**Recorded data**.
== Segment start ==
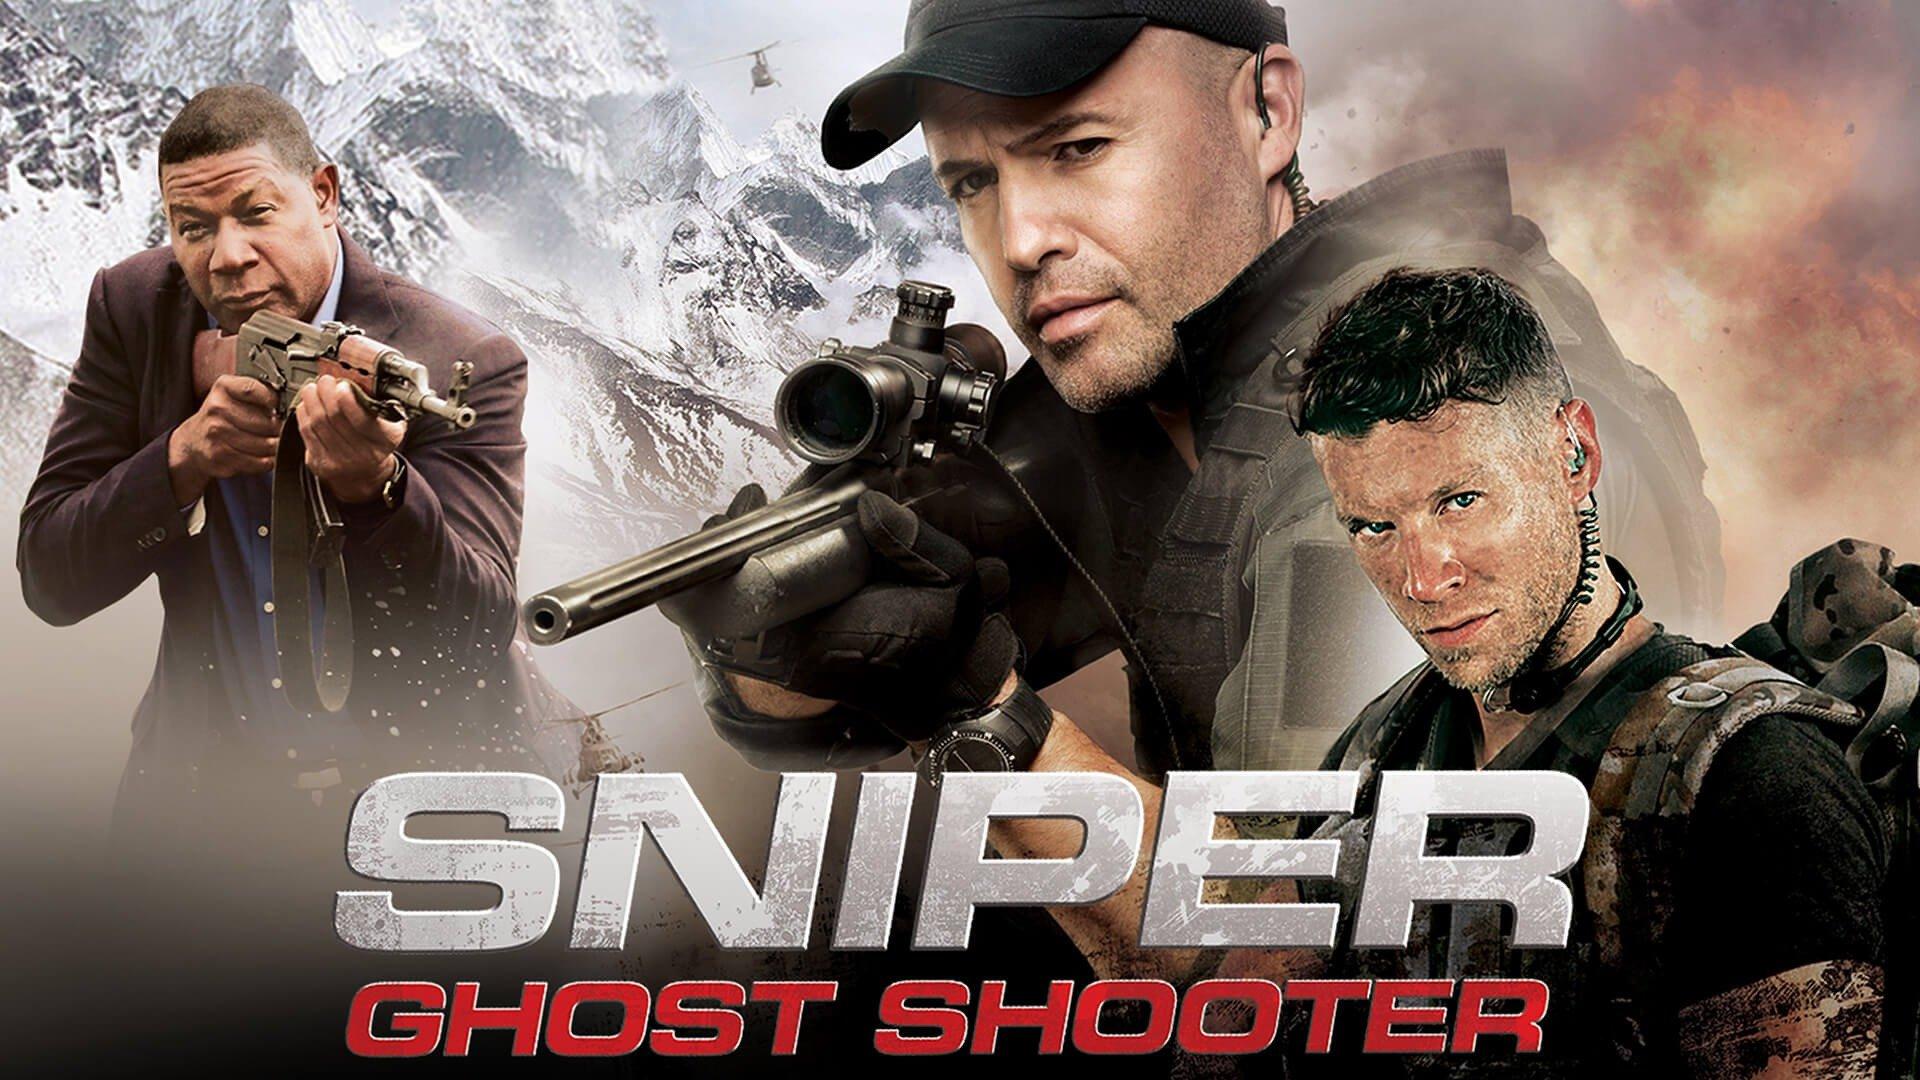 Watch Sniper Ghost Shooter Streaming Online on Philo (Free Trial)
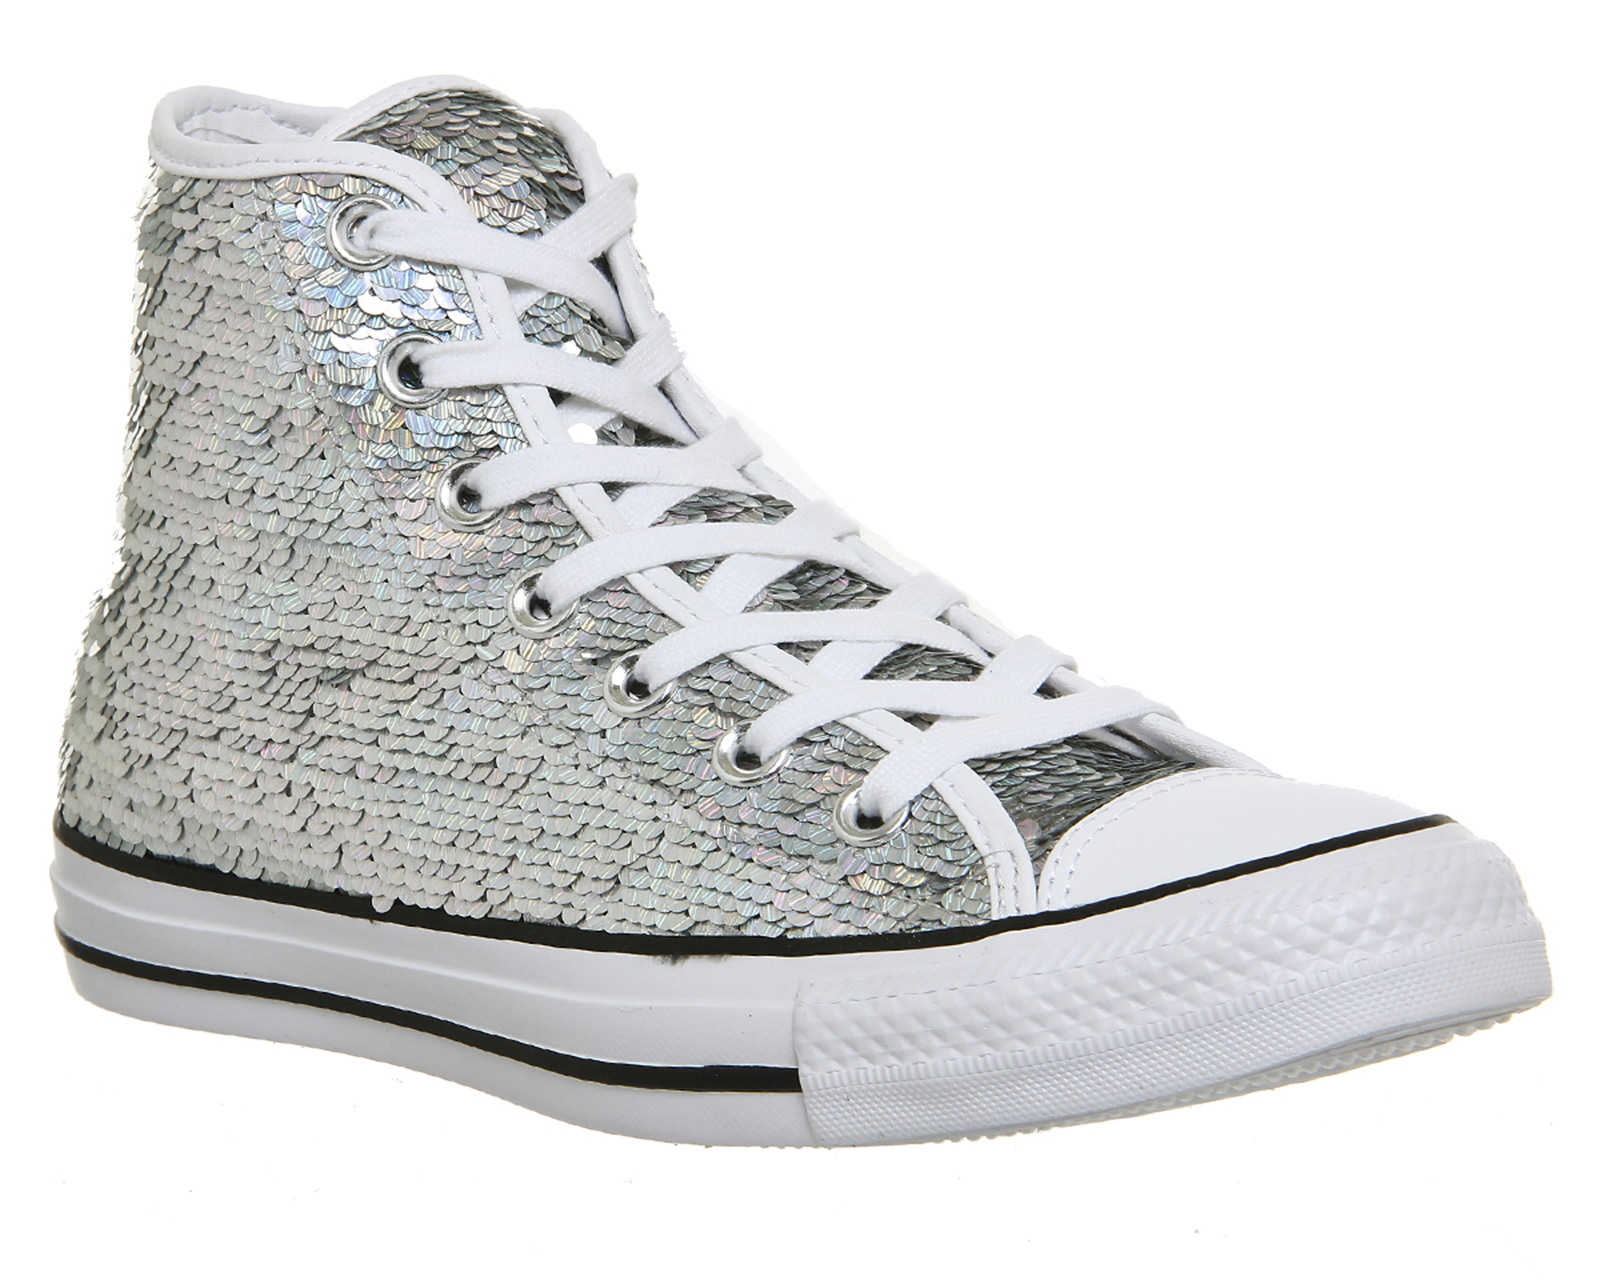 Converse All Star Hi Trainers Silver White Sequin - Women's Trainers
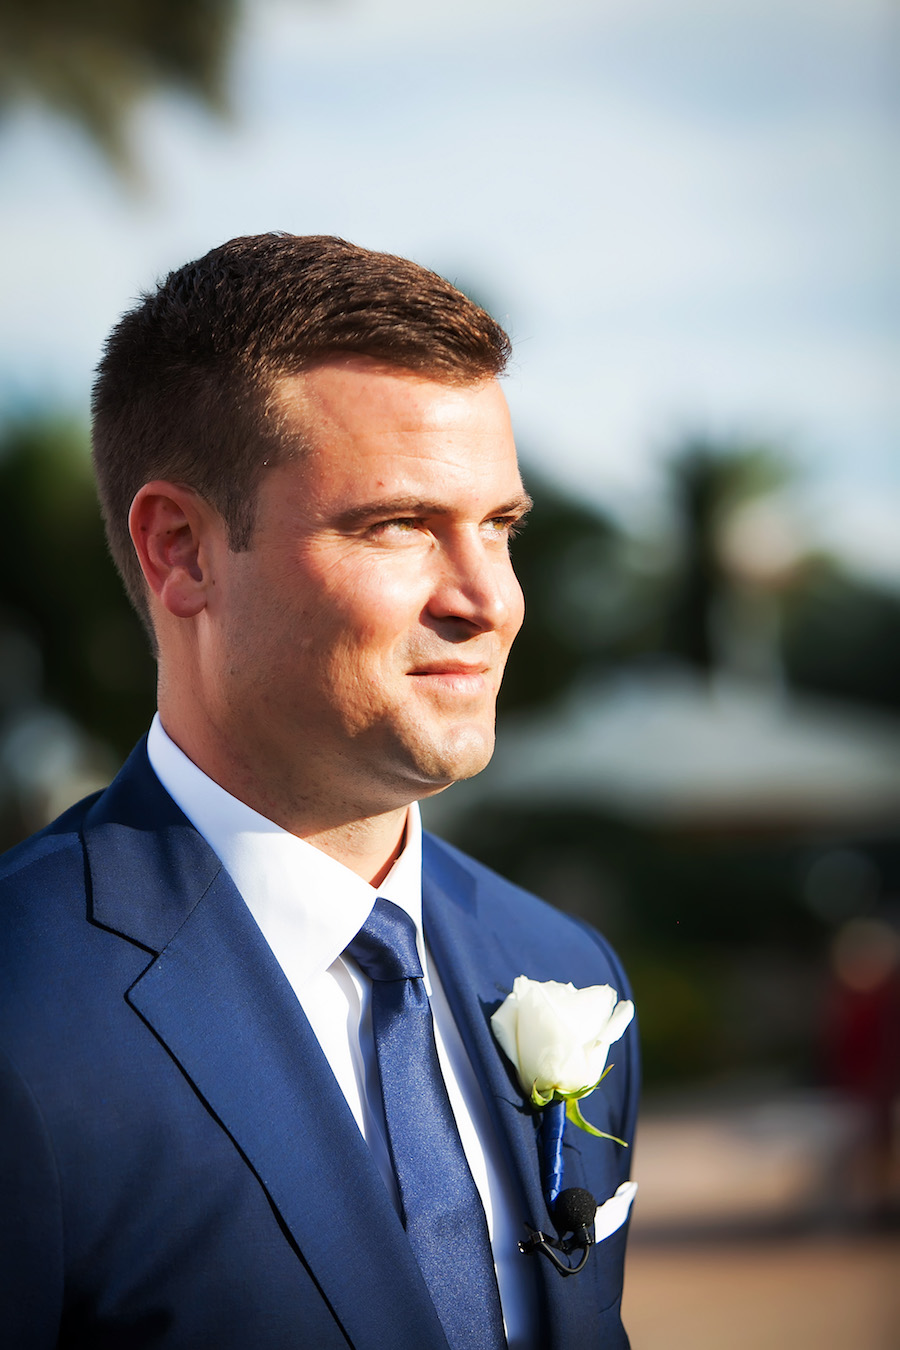 Groom in Navy Blue Suit Outdoor Wedding Day Portrait | St. Pete Wedding Photographer Limelight Photography
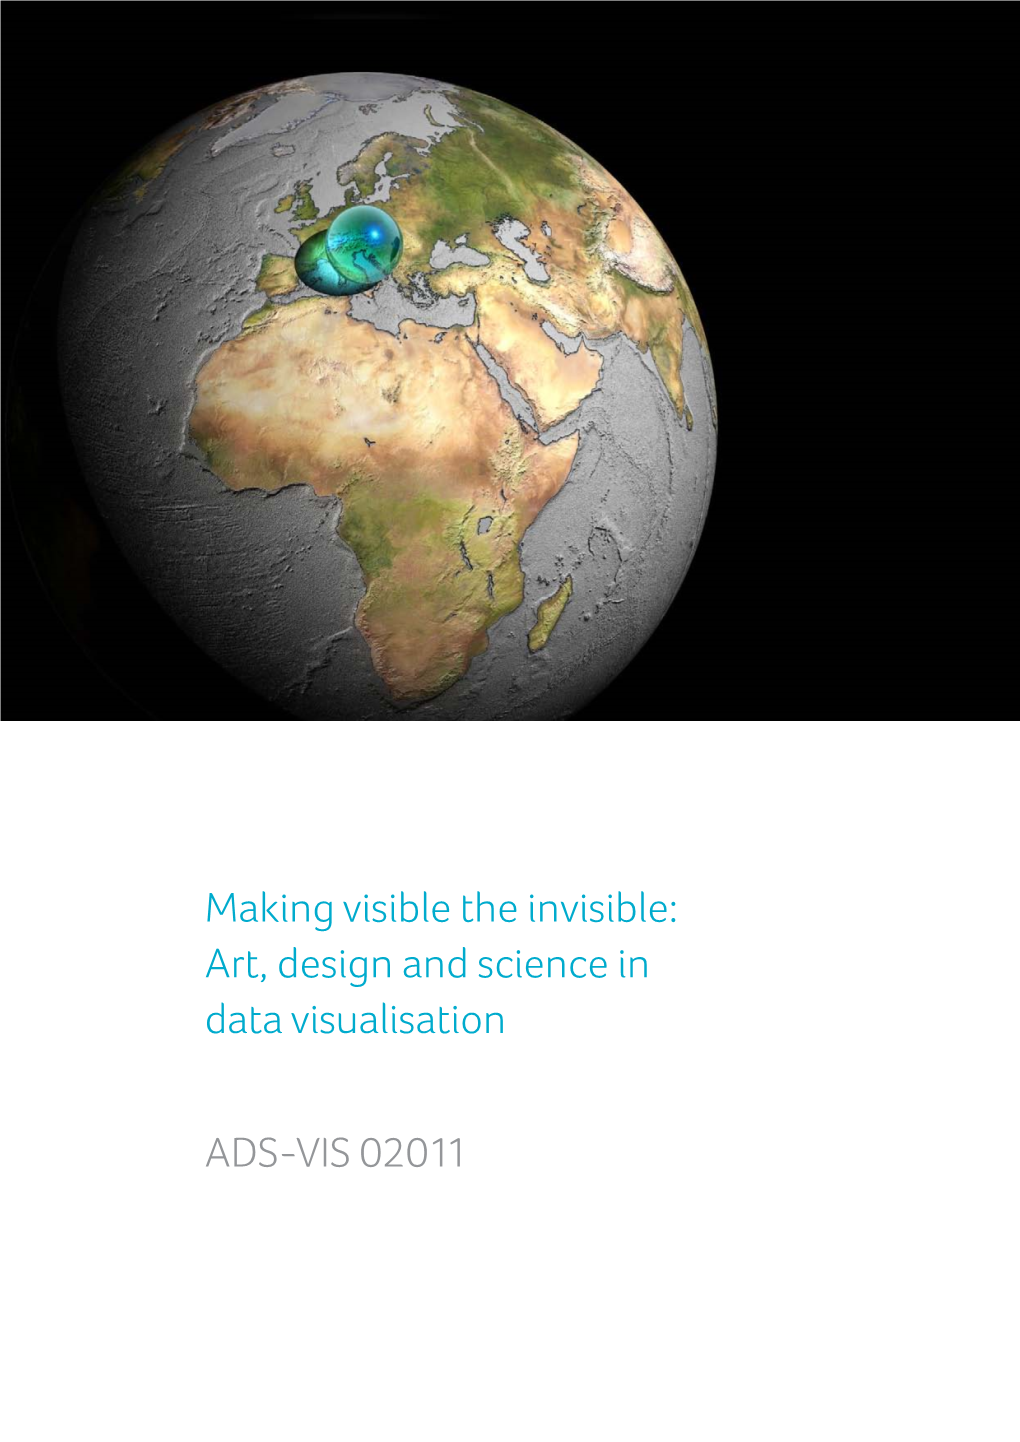 Making Visible the Invisible: Art, Design and Science in Data Visualisation
== Segment end ==
Print exactly the lines from the line with "Converse All Star" through the end of the data, both ends included, and print no pictures.

**Exercise answer**.
 Converse All Star Hi Trainers Silver White Sequin - Women's Trainers
 Groom in Navy Blue Suit Outdoor Wedding Day Portrait | St. Pete Wedding Photographer Limelight Photography
 Making Visible the Invisible: Art, Design and Science in Data Visualisation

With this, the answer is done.